(Work instructions) In the data below, find the line containing "Pied Kingfisher assis"; transcribe it and each line after it exactly, through the last, skipping pictures.

Stored data below:

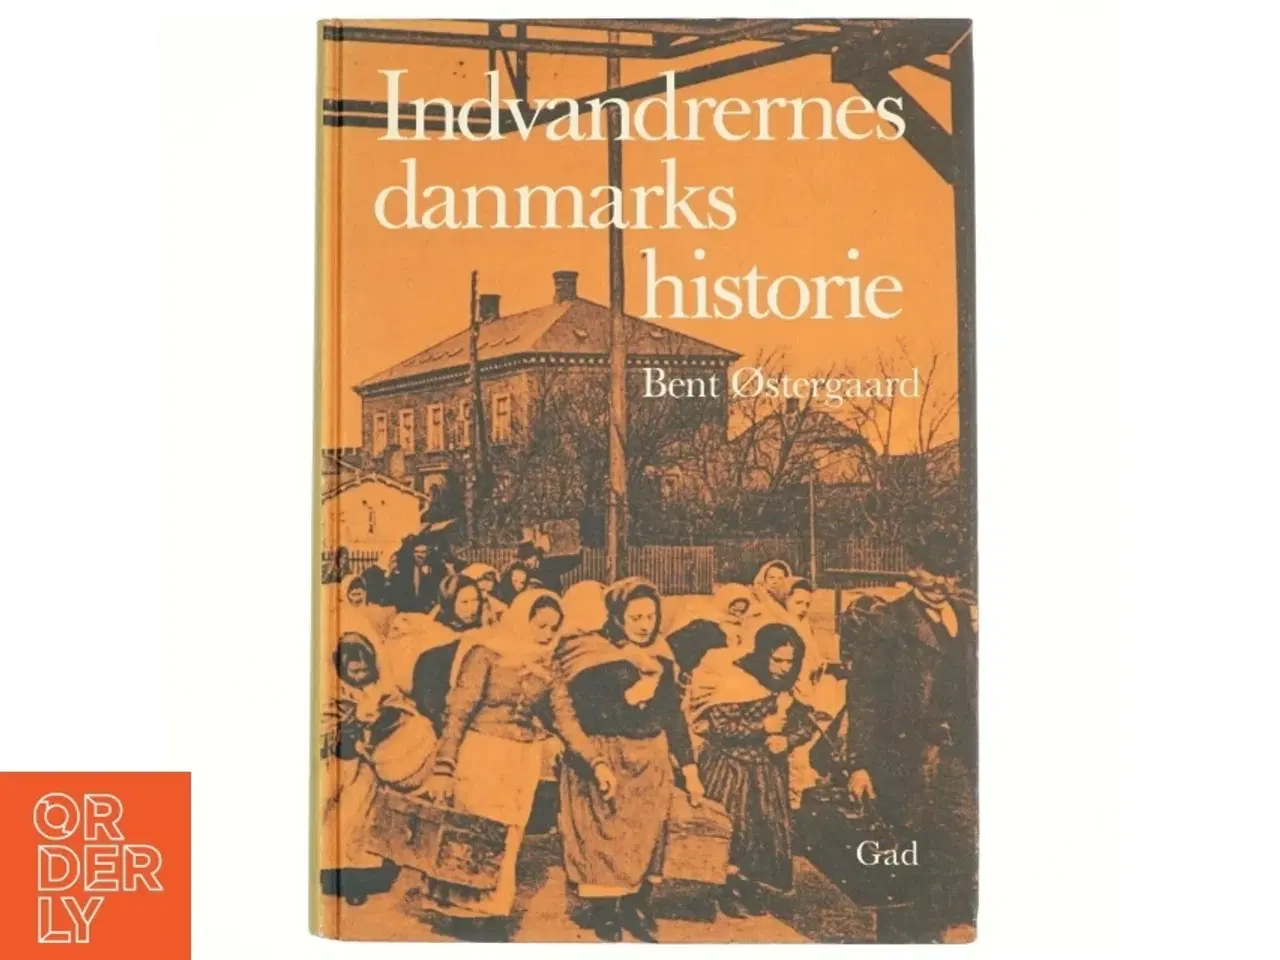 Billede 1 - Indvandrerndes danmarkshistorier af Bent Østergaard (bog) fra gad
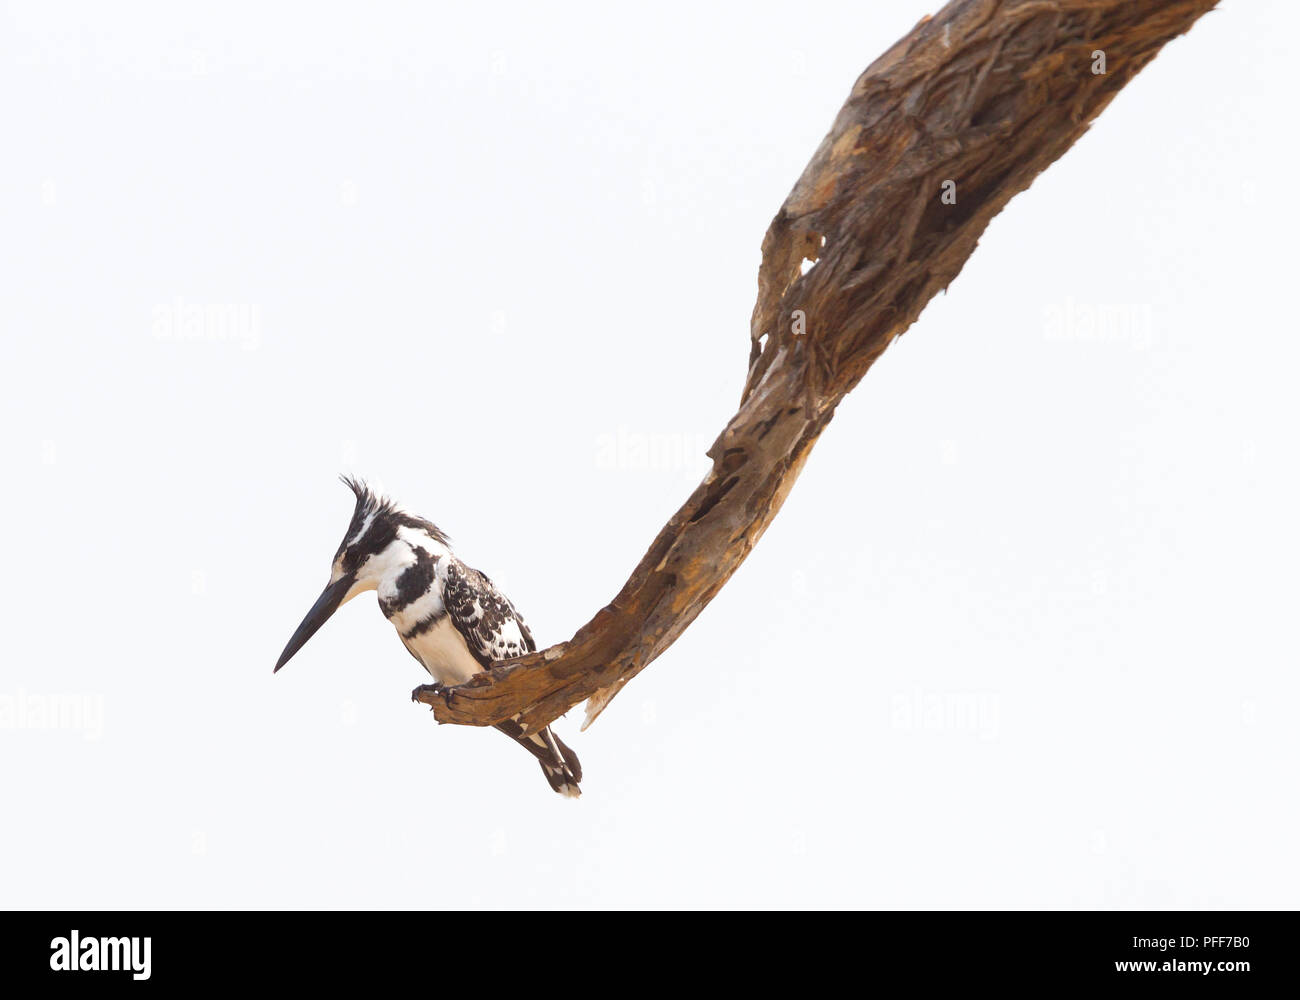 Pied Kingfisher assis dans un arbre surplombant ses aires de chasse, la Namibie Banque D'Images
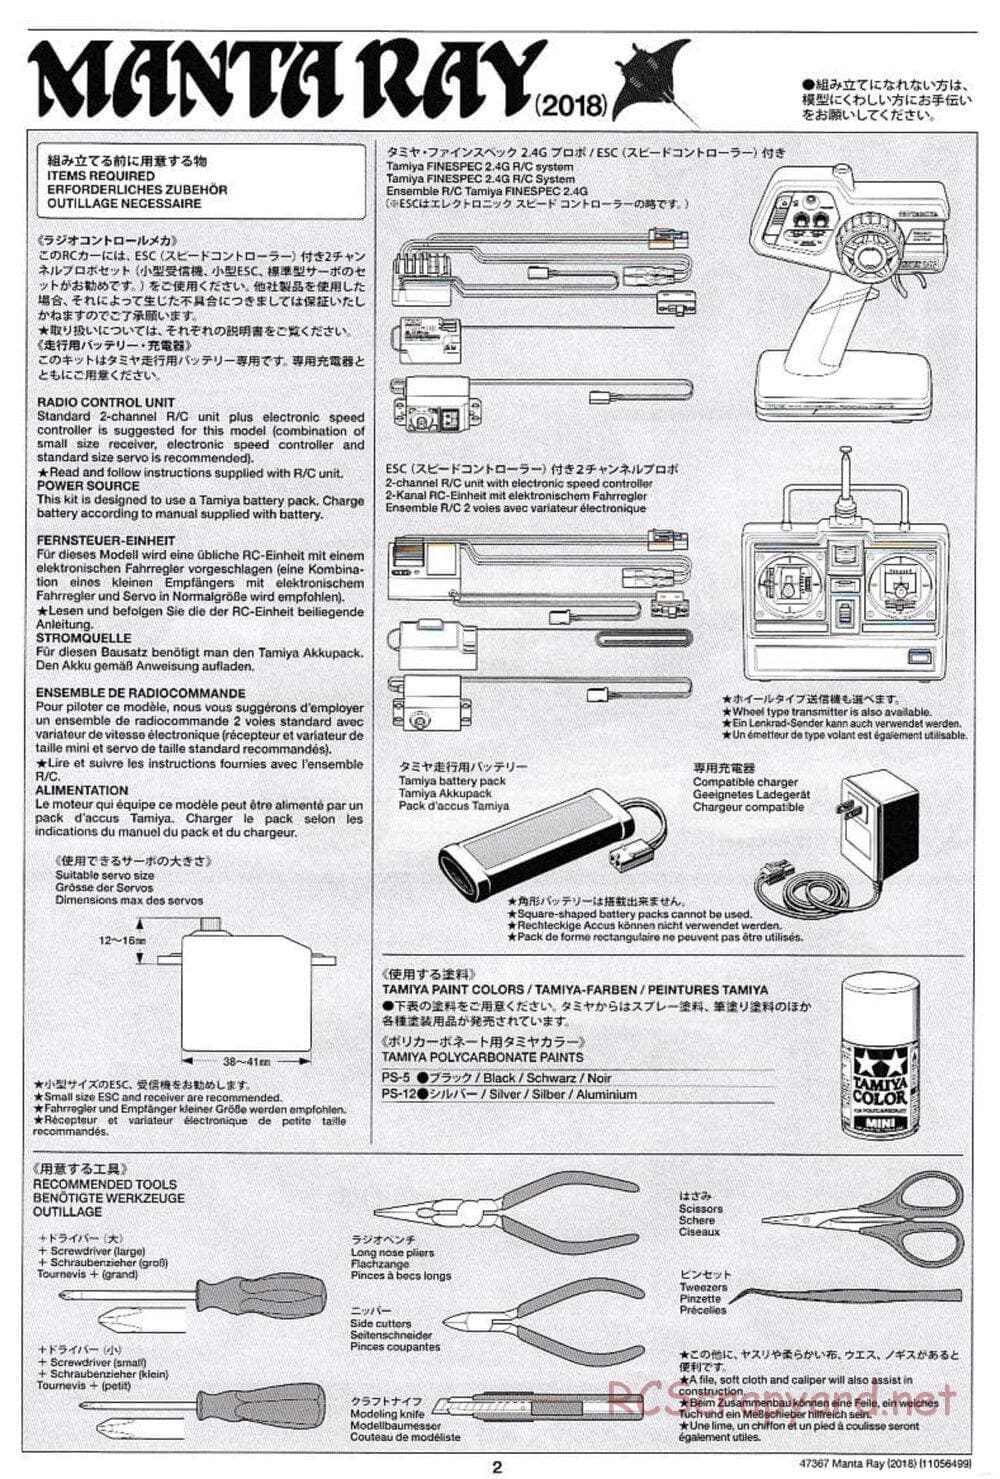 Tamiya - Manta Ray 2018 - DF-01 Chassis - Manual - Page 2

End of Stored data.

(Task response)
 Pied Kingfisher assis dans un arbre surplombant ses aires de chasse, la Namibie Banque D'Images
 Tamiya - Manta Ray 2018 - DF-01 Chassis - Manual - Page 2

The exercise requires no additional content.